#### [Task description]
Repeat exactly the lines of the records below, starting at the line containing "Johannesburg, South Africa. 10th" and ending at the line containing "Deprivation of Liberty". Leave the pictures out.

#### [Records to process]
☆ ☆ ☆

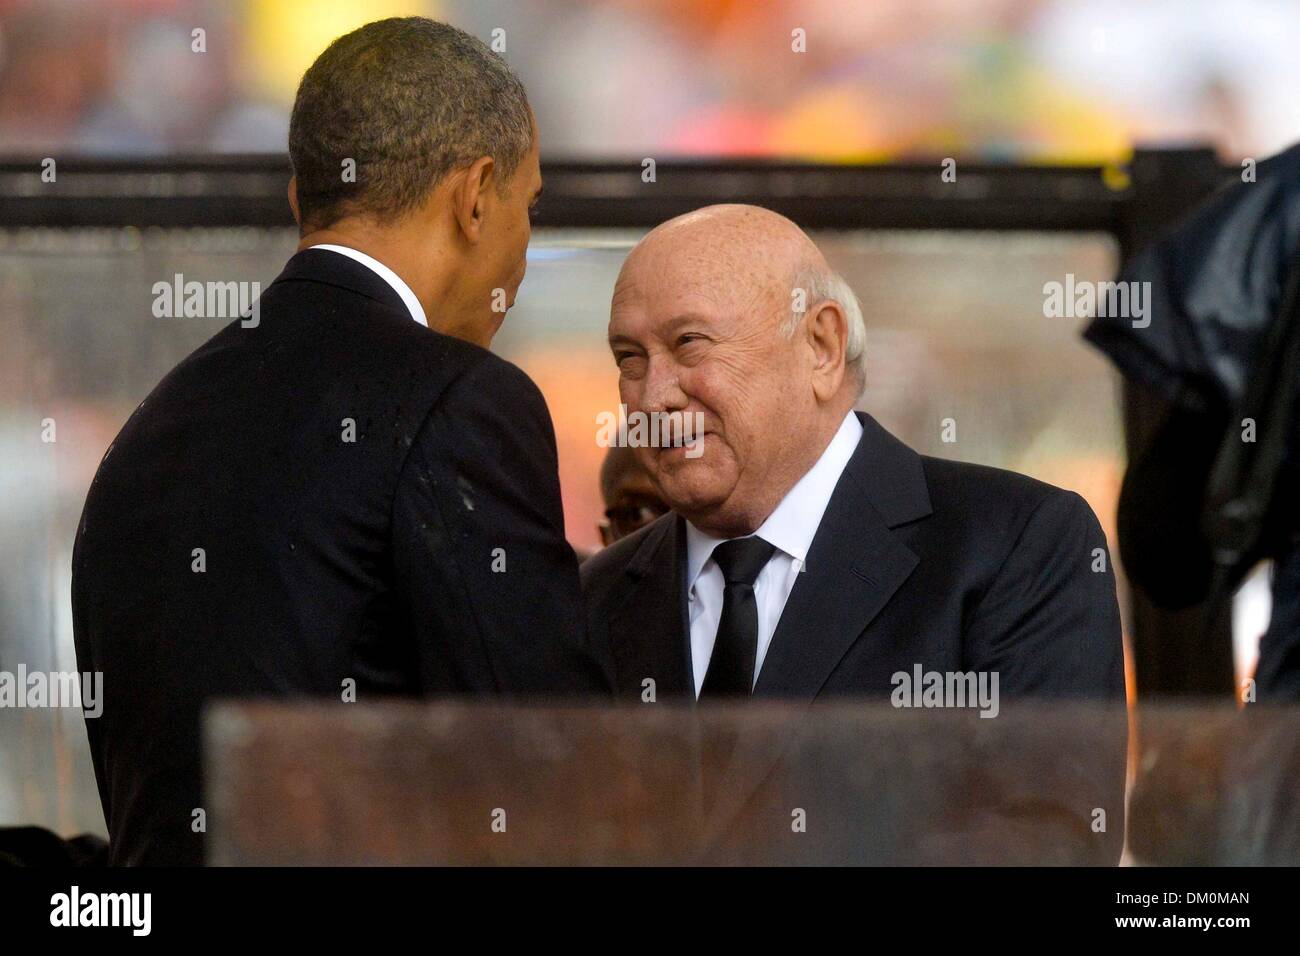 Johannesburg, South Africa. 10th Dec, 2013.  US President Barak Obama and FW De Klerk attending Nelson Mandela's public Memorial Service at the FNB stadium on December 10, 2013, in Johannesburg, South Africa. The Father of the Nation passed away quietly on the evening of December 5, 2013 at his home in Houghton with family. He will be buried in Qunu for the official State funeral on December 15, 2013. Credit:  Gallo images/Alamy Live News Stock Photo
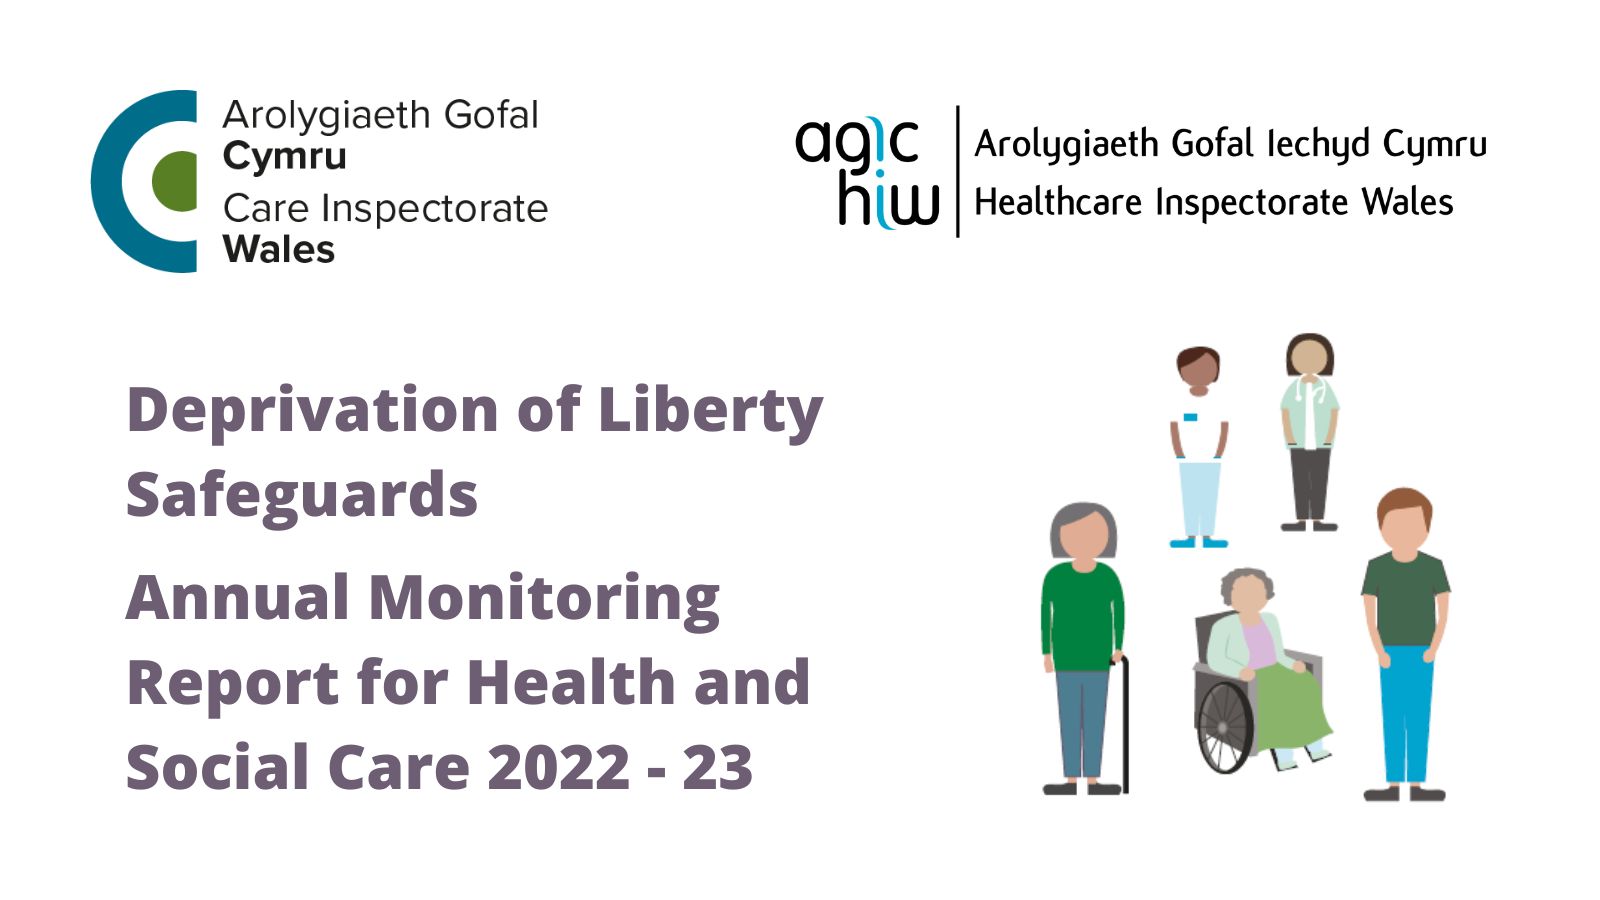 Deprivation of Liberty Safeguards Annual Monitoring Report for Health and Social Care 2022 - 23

☆ ☆ ☆

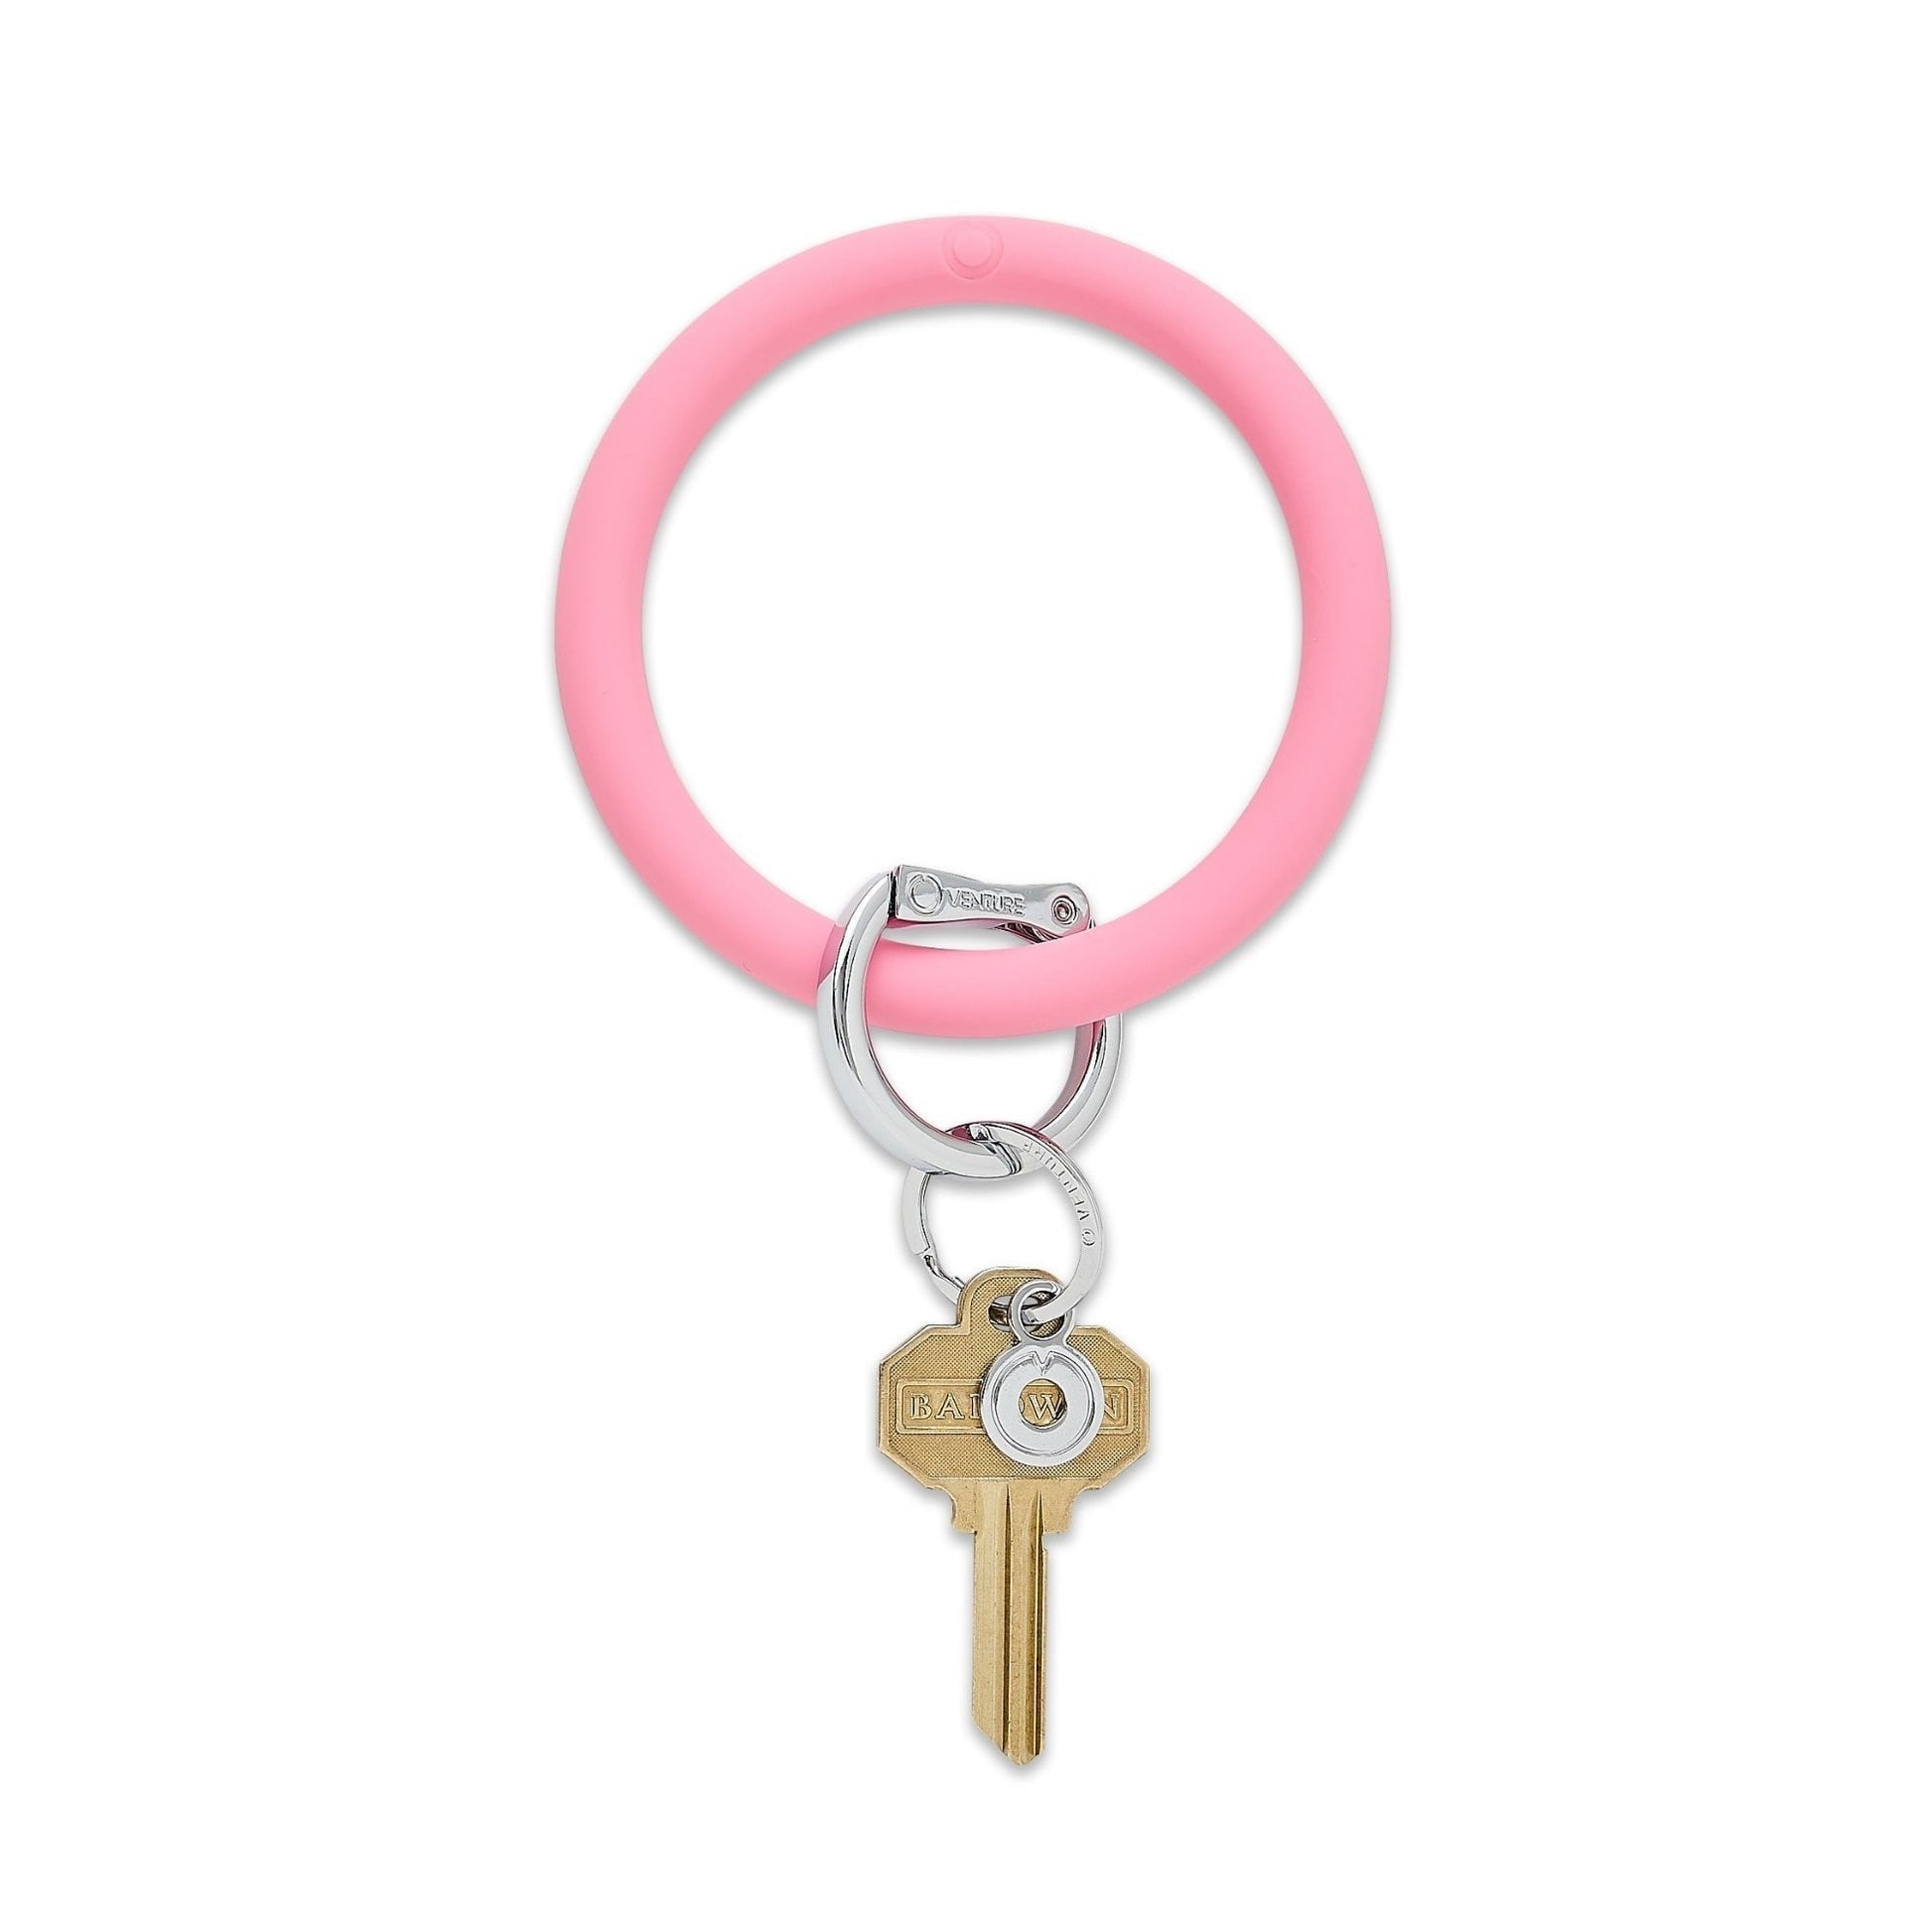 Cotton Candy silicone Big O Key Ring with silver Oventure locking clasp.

☆ ☆ ☆

#### [Solution]
 Johannesburg, South Africa. 10th Dec, 2013.  US President Barak Obama and FW De Klerk attending Nelson Mandela's public Memorial Service at the FNB stadium on December 10, 2013, in Johannesburg, South Africa. The Father of the Nation passed away quietly on the evening of December 5, 2013 at his home in Houghton with family. He will be buried in Qunu for the official State funeral on December 15, 2013. Credit:  Gallo images/Alamy Live News Stock Photo
 Deprivation of Liberty Safeguards Annual Monitoring Report for Health and Social Care 2022 - 23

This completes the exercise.